This piece was originally published on the 3M Inside Angle blog.
The central mission of many health start-ups is explicit: to “disrupt” the status quo in the U.S. health care system. But when disruptions hijack the attention of health workers, it is costly and detrimental to patient care.
The time and attention of highly trained health workers are both finite and valuable resources that our health system must more thoughtfully leverage in the pursuit of better quality and efficiency.
New York Times opinion writer Charlie Warzel raises just what is at stake when we fail to recognize the limits of our attention. For many health workers, the concept of attention as “currency” and one that is a “finite substrate” will likely strike a nerve in a profound way. “When you pay attention to one thing, you ignore something else,” says Warzel. This has implications for patient outcomes, health worker burnout, and overall system performance and efficiency.
Thus, cyberculture expert Howard Rheingold advises in his book “Net Smart: How to Thrive Online,” that we should “pay attention to the way [we] pay attention.” That guidance could not be more critical in health care.
The case for an “ecology of attention” in the design of more responsive health care practice is compelling. Distracted health workers affect patients, payers, and the providers themselves, as interruptions lead to higher workload, stress, and frustration, along with long-term changes in work rhythms, strategies, and mental states.
The multiple layers of damage done by task switching cannot be overstated. When deep into charting the critical details of a patient’s history, entering the investigations prompted by the office visit, or documenting the treatment plan for both patient-facing and internal purposes, any disruption in the physician’s thought process can lead to lapses in judgment, impaired memory, bias, and errors. These interruptions also delay the completion of that one chart, which, when added on top of several similar occurrences throughout the day, lengthens the physician’s workday.
Inefficiency grates on the physician pulled in many different directions, leaving them feeling increasingly like they lack the time to care for the patient in front of them. The fallout from this lost time—a forgotten laboratory order or a mistakenly entered prescription name—can hurt patients and propagate physician burnout. And it is certainly more costly to patients and those that pay for their care. While it is difficult to quantify these end results, the etiologies of cognitive intrusions ought to serve as upstream targets for intervention.

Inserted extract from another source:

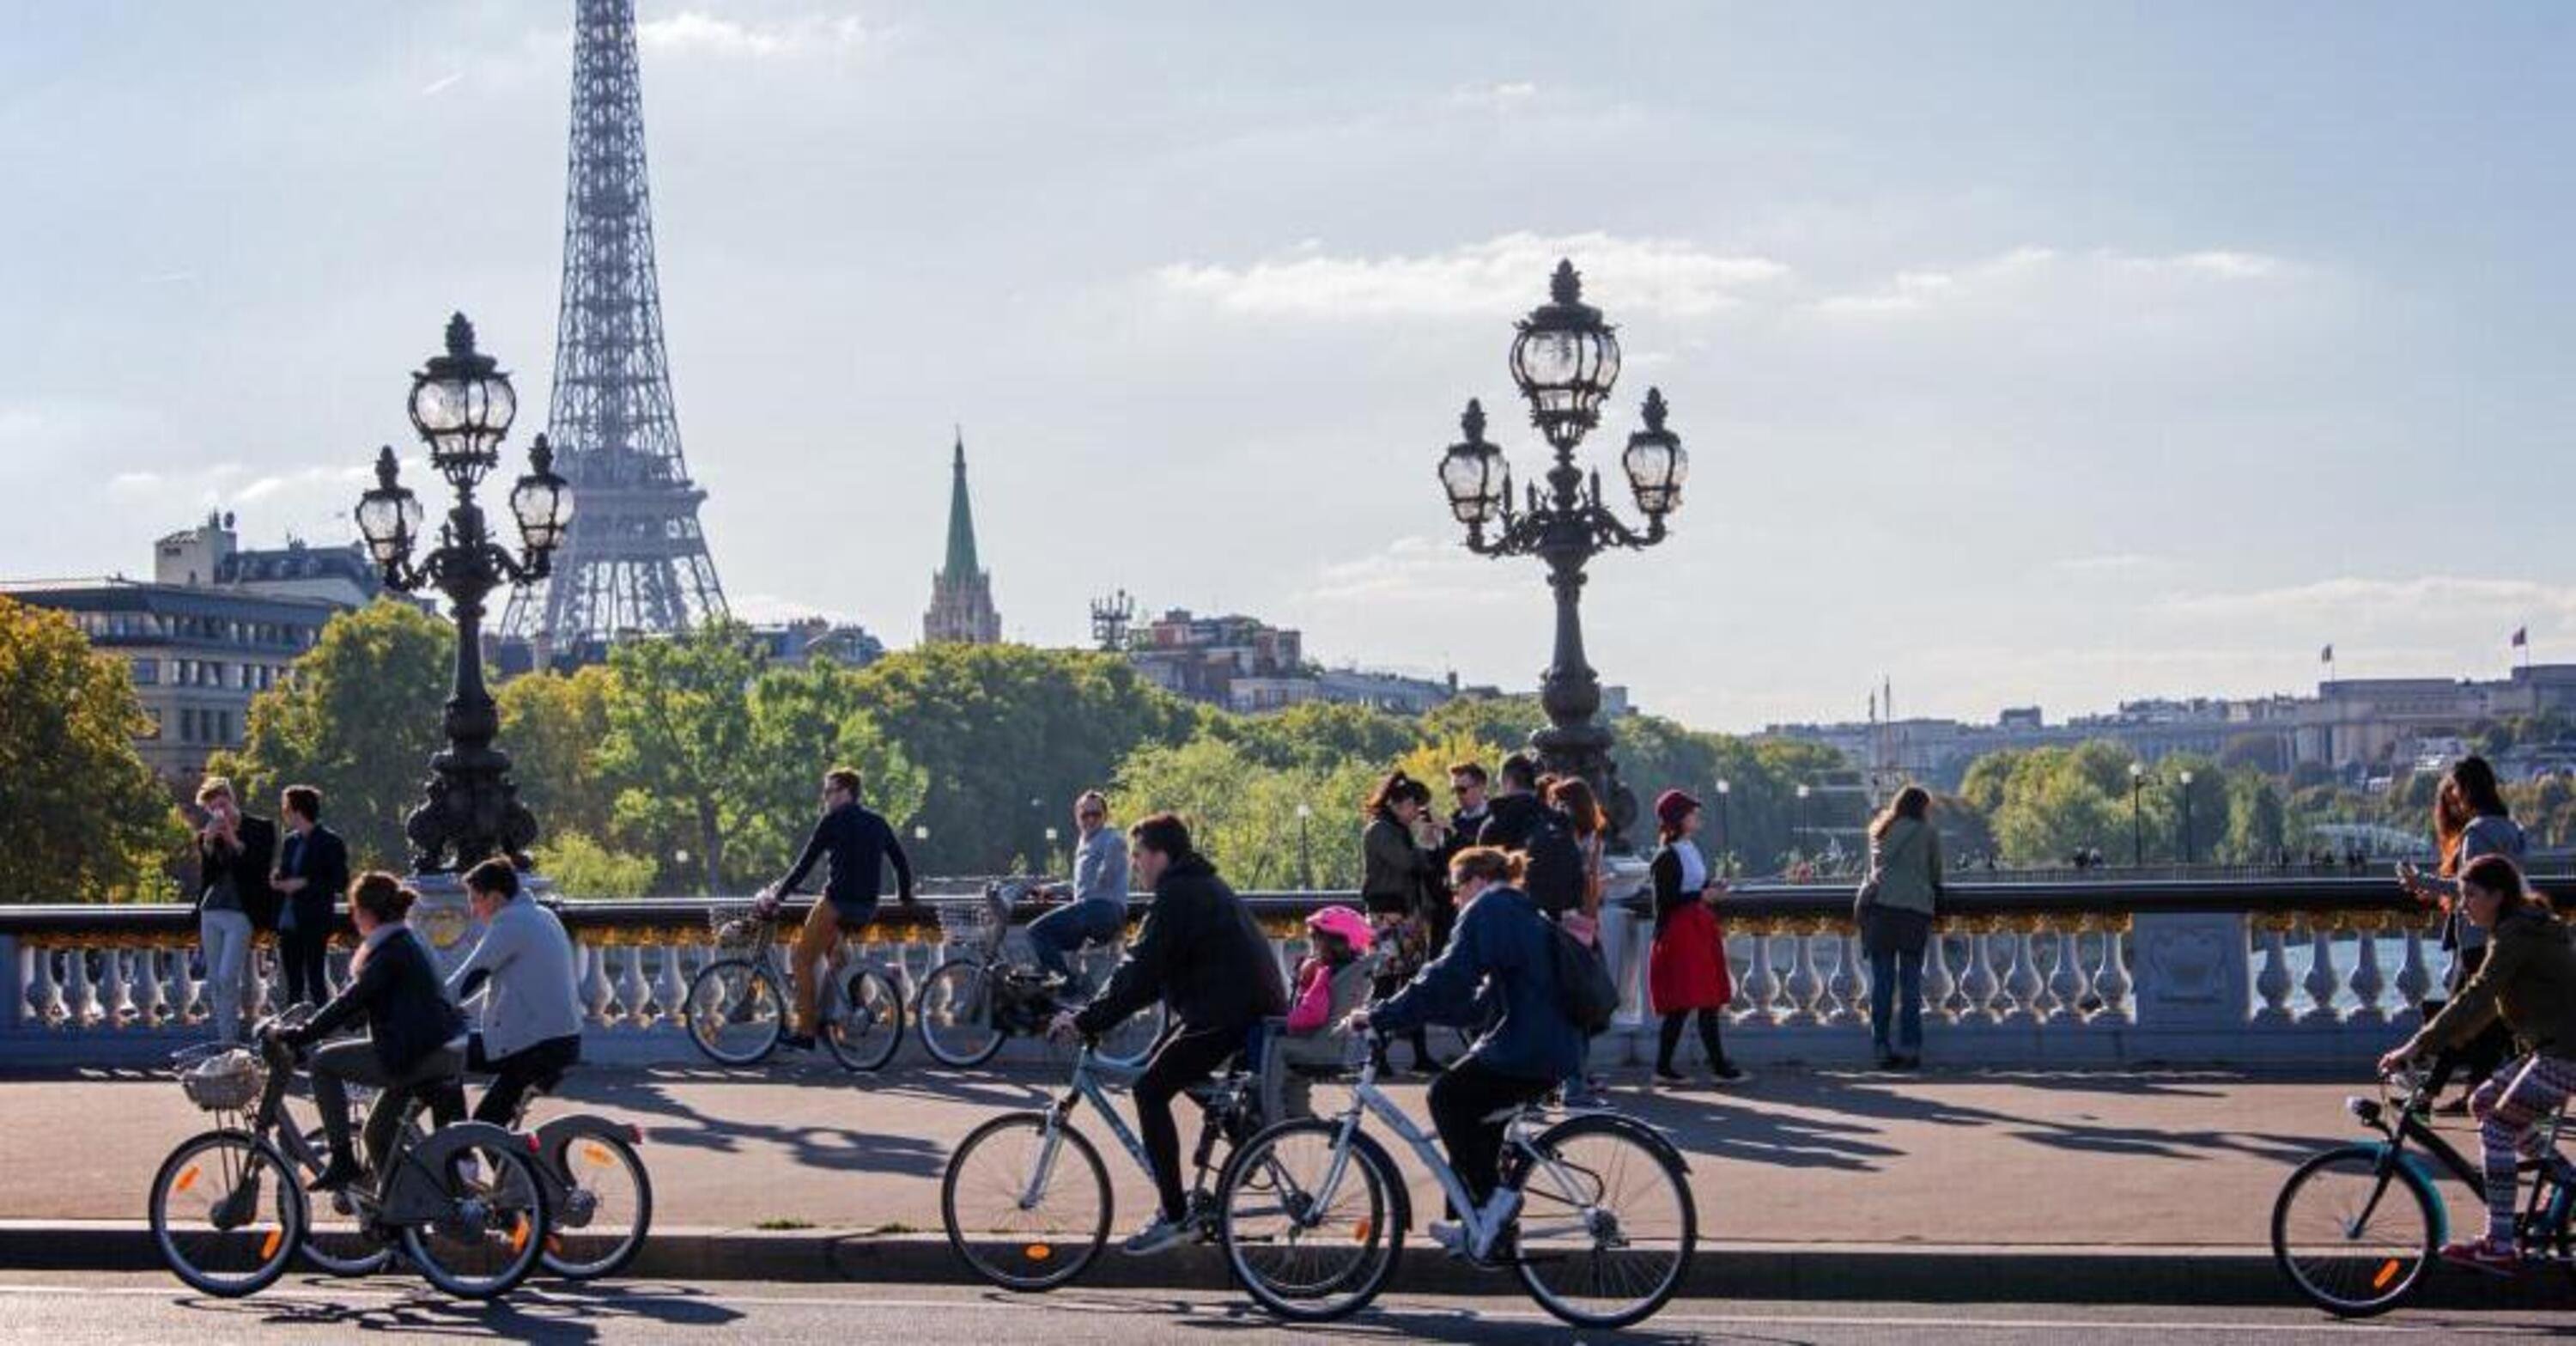 Cosa prevede il piano UE per raddoppiare l'uso della bici?

One such target is the electronic health record (EHR). These systems are expected to simultaneously capture billing-related information, document clinical histories, and record events in case of liability concerns. The mounting stack of alerts offered by many EHRs (every single one of them somehow deserving of the red exclamation point) have numbed many providers to the point of simply ignoring them. The well-intentioned alert has evolved into an effectively invisible on-screen nuisance. The timing, quality, and sheer number of EHR notifications are all ripe for full-scale reform.
Harnessing critical physician attention requires thoughtful physical workspace design as well. Fortunately the open-plan office space has fallen out of favor. Its marketable strength—increased collaboration—never neatly supported outpatient health care operations. The open plan encourages social chatter and ill-timed questions, peppering in distractions throughout the workday.
The creation and deployment of electronic or digital health tools and the design of health care office layouts both highlight the importance of thoughtful staffing, employment of asynchronous communications tools, and analysis of existing operations. “Every system is perfectly designed to get the results it gets,” said Paul Batalden, Senior Fellow at the Institute for Healthcare Improvement. The difficulty is identifying how all of these modalities interact with human health workers within a system to facilitate care for the patient.
A physician’s or a nurse’s attention must be apportioned with its rightful value and prioritized during quality improvement initiatives. We must work to identify and eliminate any interactions that demand poorly timed task switching and reassign these interactions to fit more seamlessly into the workday.
Health workers of all cadres must be more intentional about protecting their attention. That starts with demanding efficiencies in systems and support to ensure they are focused on leveraging their training to serve patients in the most effective way possible. The work continues with the digital health products actively involving frontline health workers in their creation and deployment. And it ends with health care leaders and payers recognizing how much of an impact disturbed or fragmented attention has on quality and cost.
Operational leaders in health care and digital health disruptors would best serve patients by crafting interventions that intentionally prioritize the attention of health workers.